Par Juliette Ihler-Meyer
Printemps 2025, un groupe de lycéens défraie la chronique : après avoir fumé un joint de CBD, ils ont fini à l’hôpital. Car, dans leurs cigarettes roulées à ce qu’ils pensaient n’être que du cannabidiol (CBD), il n’y avait pas que la molécule naturelle.
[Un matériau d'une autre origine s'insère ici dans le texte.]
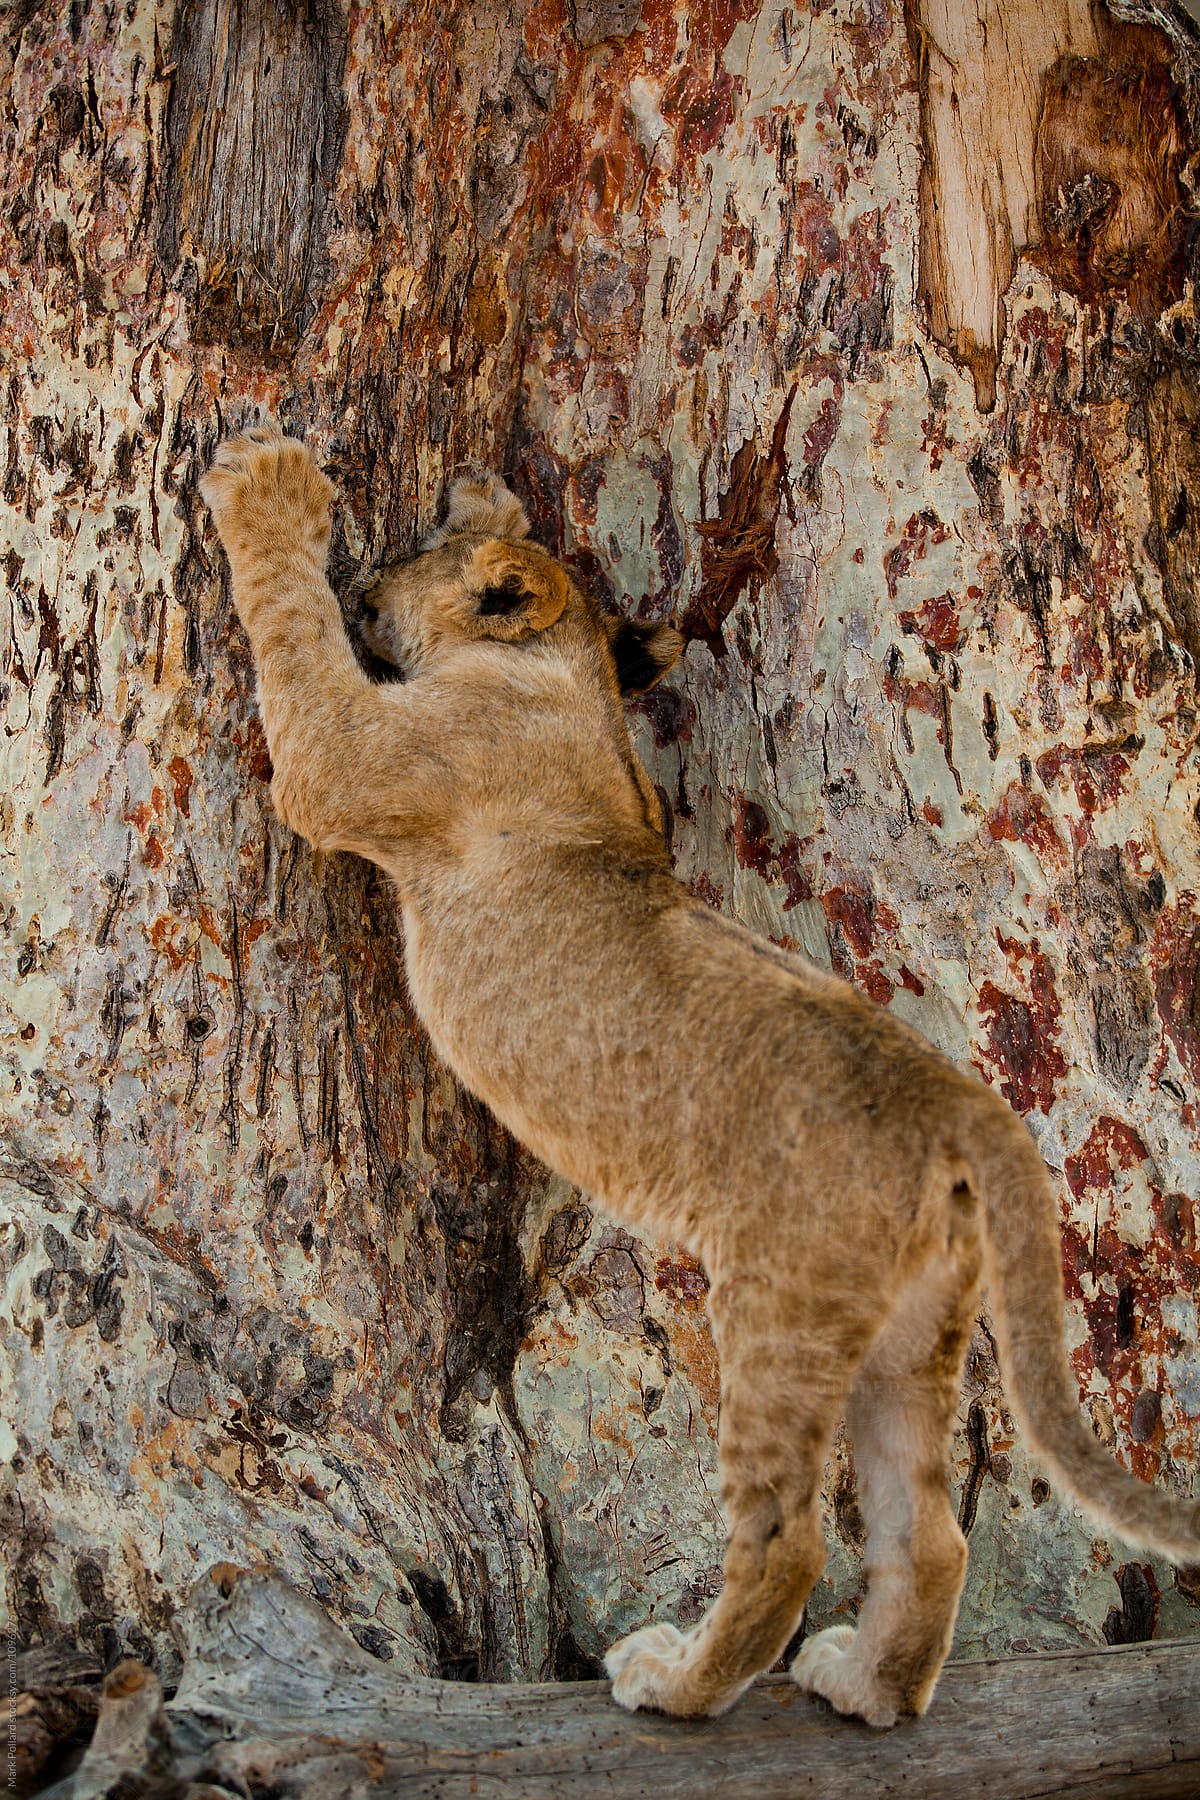 Young Lion Sharpening Claws on a Tree

Depuis quelques années, derrière des petits noms inoffensifs comme « Pète ton crâne » (PTC) ou « Buddha Blue » se cachent en réalité des cannabinoïdes de synthèse, ces substances psychoactives particulièrement puissantes et potentiellement dangereuses. Vaporisées sur des fleurs de CBD ou introduites dans des e-liquides, elles font ravage chez les consommateurs, souvent pris au dépourvu. C’est le cas de notre bande de jeunes fumeurs en herbe : pensant se relaxer avec du CBD, les ados s’étaient en réalité envoyés des substances chimiques censées reproduire les effets du THC – le cannabinoïde du chanvre qui rend stone et qui est interdit en France. Une défonce légale aux effets dévastateurs, et pas que pour ceux qui l’expérimentent. Les vendeurs eux-mêmes ne sont pas toujours au courant de ce qui peut se cacher derrière du chanvre bien-être vendu par le grossiste comme du simple CBD.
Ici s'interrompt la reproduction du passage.